Welcome 9 Wincestmas
Thank you for fixing the gifs yesterday. I’m sorry tumblr put us through that, but hopefully today will go better. It’s a story so if it doesn’t then terry tumblr and I will need to have words.
Sam notices it early on, not long after Dad starts taking Dean out on the occasional easy hunt. Dean doesn’t talk to Sam about it, the way his eyes brighten when Dad says ‘I’ll need you on this one, Dean,’ or the serenity that suffuses his whole being when they’re successful, or the way he can’t sit still when he’s left behind, a frantic energy that’s different from before when he’d only been waiting their father’s safe return.
Dean’s stuck with Sam, and he’s cleaning the weapons. There’s pitiful few compared to what Dad keeps with him, but he dotes on one silver-plated blade anyway that it takes him as long to finish as when they have to clean the whole trunk. Sam pretends that he doesn’t see the twitch of his brother’s mouth in the gleaming reflection.
“I’m heading out for a bit.” Dean says. “Don’t leave. If Dad calls, the manager needed something taken care of, and he just missed me.”
Sam grunts in reply, figures Dean thinks he’s too caught up in Full House to notice the knife being slipped into a boot.
“Hey! Barf Breath! I’m talking to you.” Dean lobs a pillow at him.
“Yeah, I heard you! Bring me back a soda, and maybe I won’t tell Dad.”
“You won’t tell him.” Dean’s voice is deathly calm, unreasonably confident, considering Dean’d ratted out Sam skipping P.E. last week. He’s not wrong, though neither knows for sure in this moment.

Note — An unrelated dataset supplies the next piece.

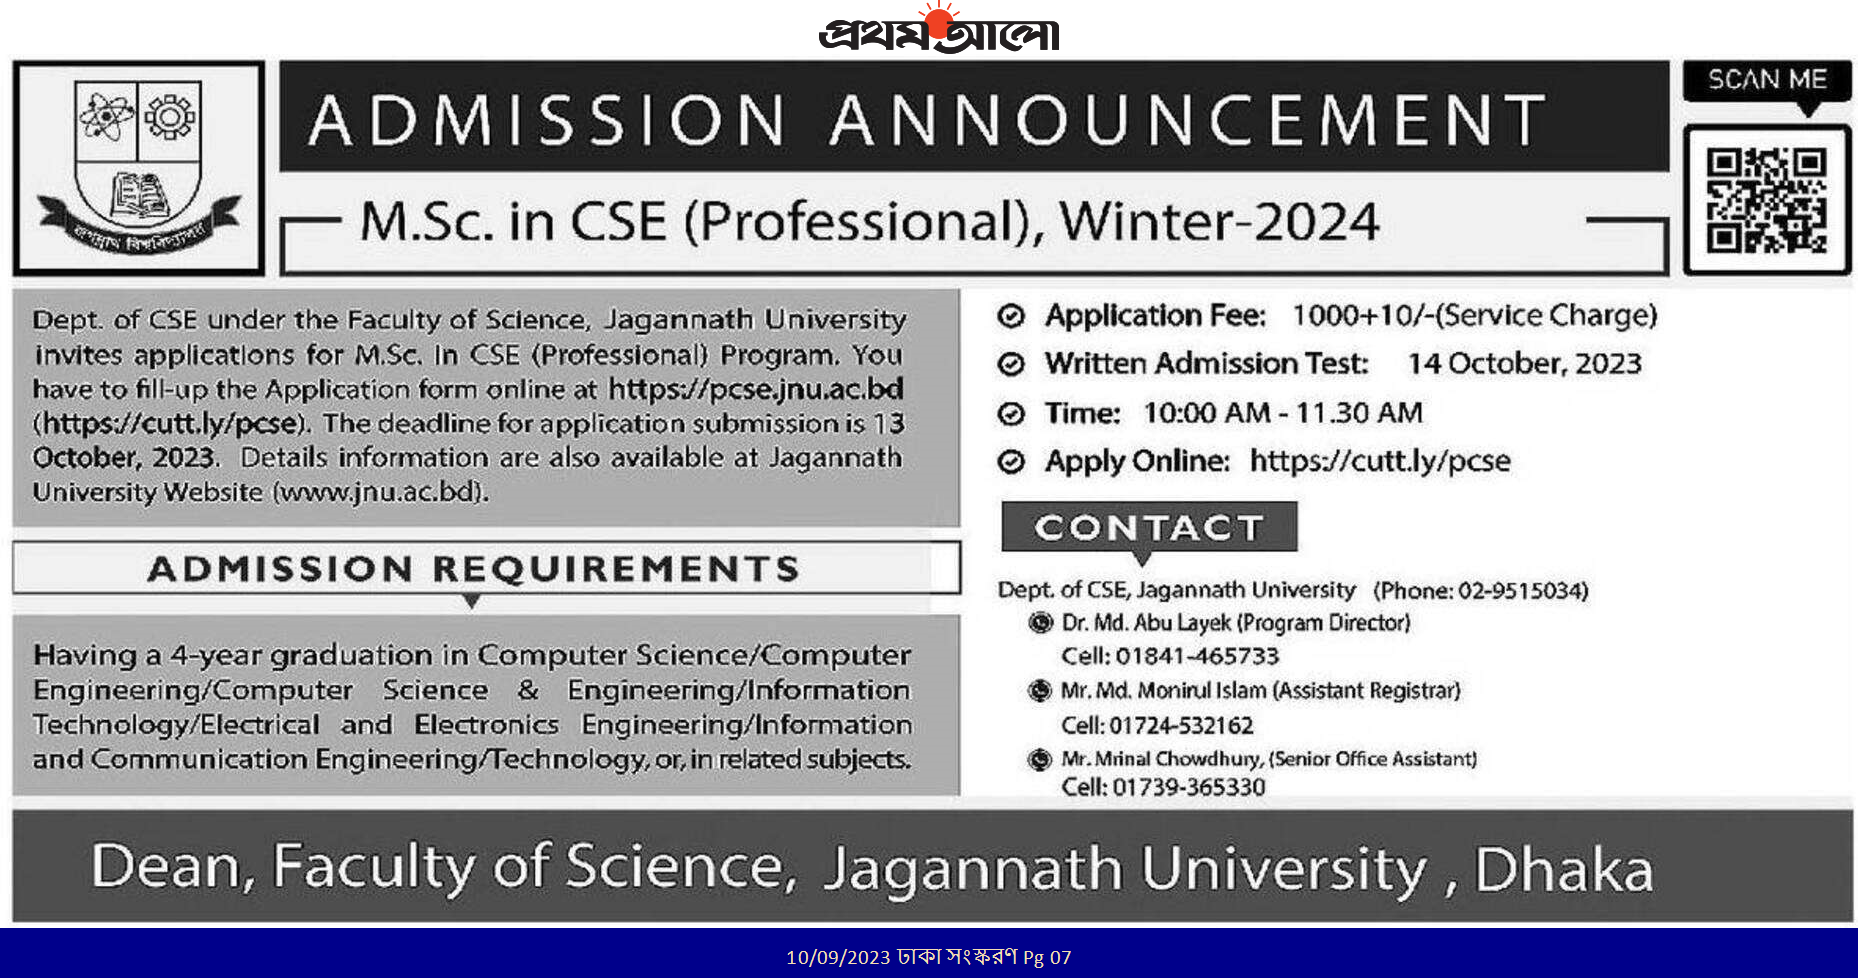 জগন্নাথ বিশ্ববিদ্যালয়ে মাস্টার্স ভর্তি বিজ্ঞপ্তি ২০২৩ - Jagannath University Masters Admission Circular 2023 - ভর্তি বিজ্ঞপ্তি ২০২৪ - Admission Circular 2024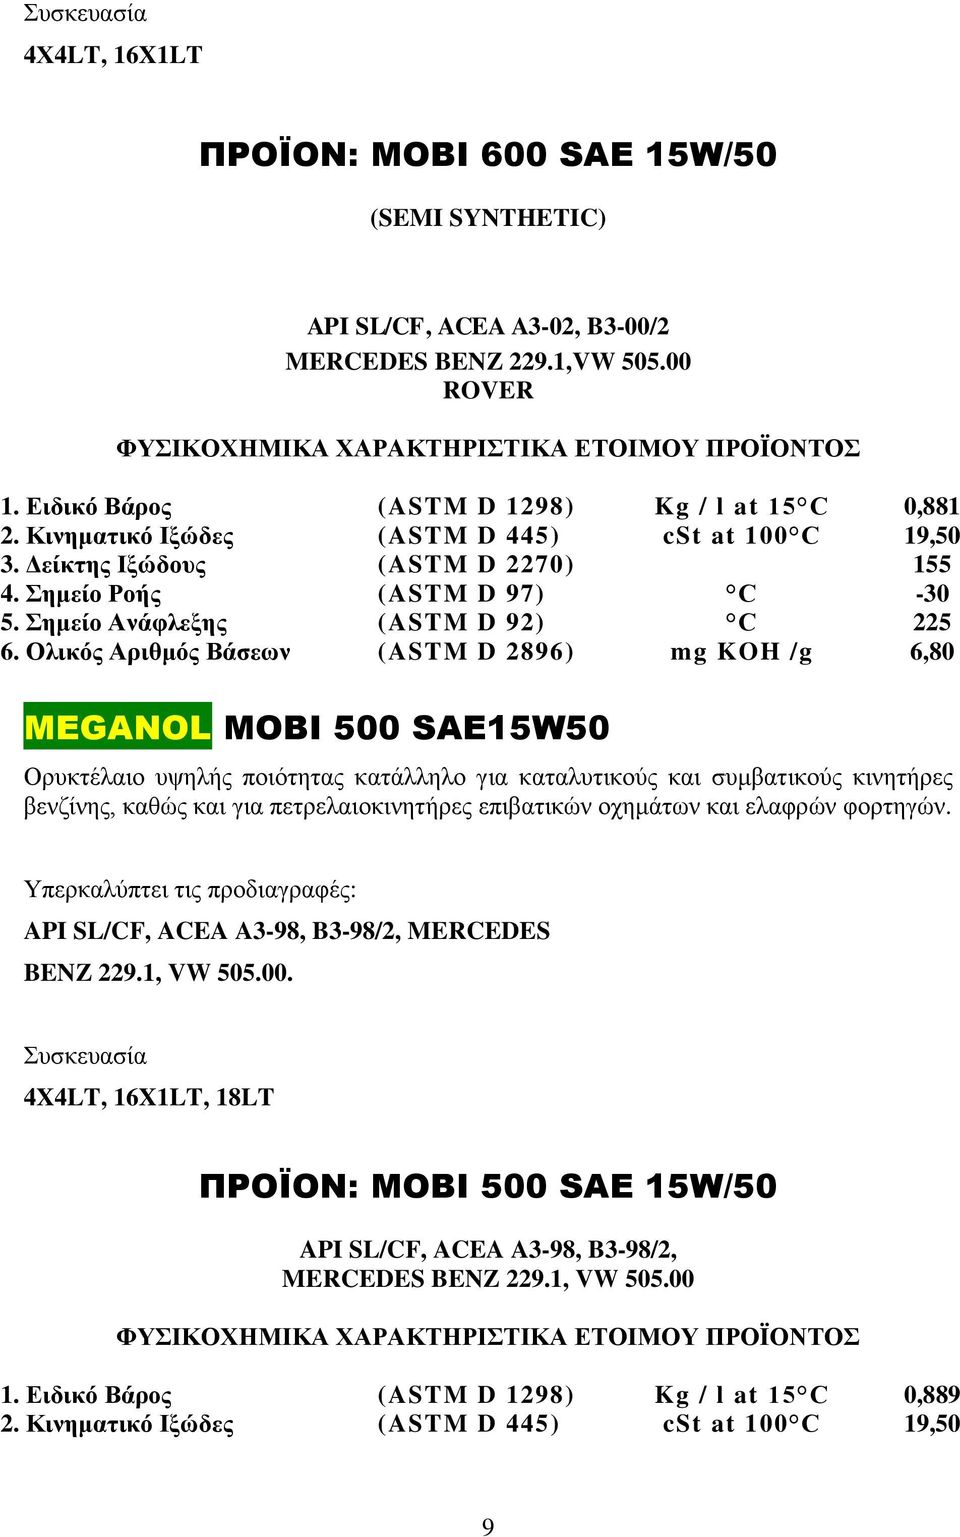 Ολικός Αριθμός Βάσεων (ASTM D 2896) mg KOH /g 6,80 MEGANOL MOBI 500 SAE15W50 Ορυκτέλαιο υψηλής ποιότητας κατάλληλο για καταλυτικούς και συμβατικούς κινητήρες βενζίνης, καθώς και για

Sam shrugs, and slouches back into the pillows he’s propped up on. Dean leaves, stepping lightly with his right foot. Something in Sam tells him he should follow, or at least peek out the window to see which direction his brother takes off in, but he ignores it, preferring to sulk about being left on his own again.
The memory of that first instinct tugs on Sam’s conscience when Dean saunters back in, hours later, calm in a way he hasn’t been in weeks, despite sporting an angry red welt across his cheek bone.
“What happened?” Sam demands, crowding Dean at the sink where he bee-lined to wash his hands.
“Bar fight.”
“You’re not old enough for bars.”
“Why do you think there was a fight, genius?”
Sam’s pretty sure not even a bouncer would hit a kid for trying to get in, and that’s what Dean is to the rest of the world, the ones that don’t know better, can’t tell what he’s become. So he’s incredulous at first, struggling to come up with a reply until he feels more than realises the way Dean is boxing him out, won’t let him look into the sink properly, blocking the mirror angle too.
“Whatever,” Sam hurries to lock himself in the bathroom, lets Dean think he won, but Sam needs to be alone, to freak out, hyperventilate, scream silently, die in the struggle between morality, and loyalty to the only person who’s ever loved him. Because he saw, Sam saw the damning bloody scratches along Dean’s arms.
When Dad gets back two days later, Sam starts asking to go on hunts too.
**********
Ooooh, eeeeenteresting! This tasty little nugget of things beginning to germinate. I love that unspent energy. LOVELY!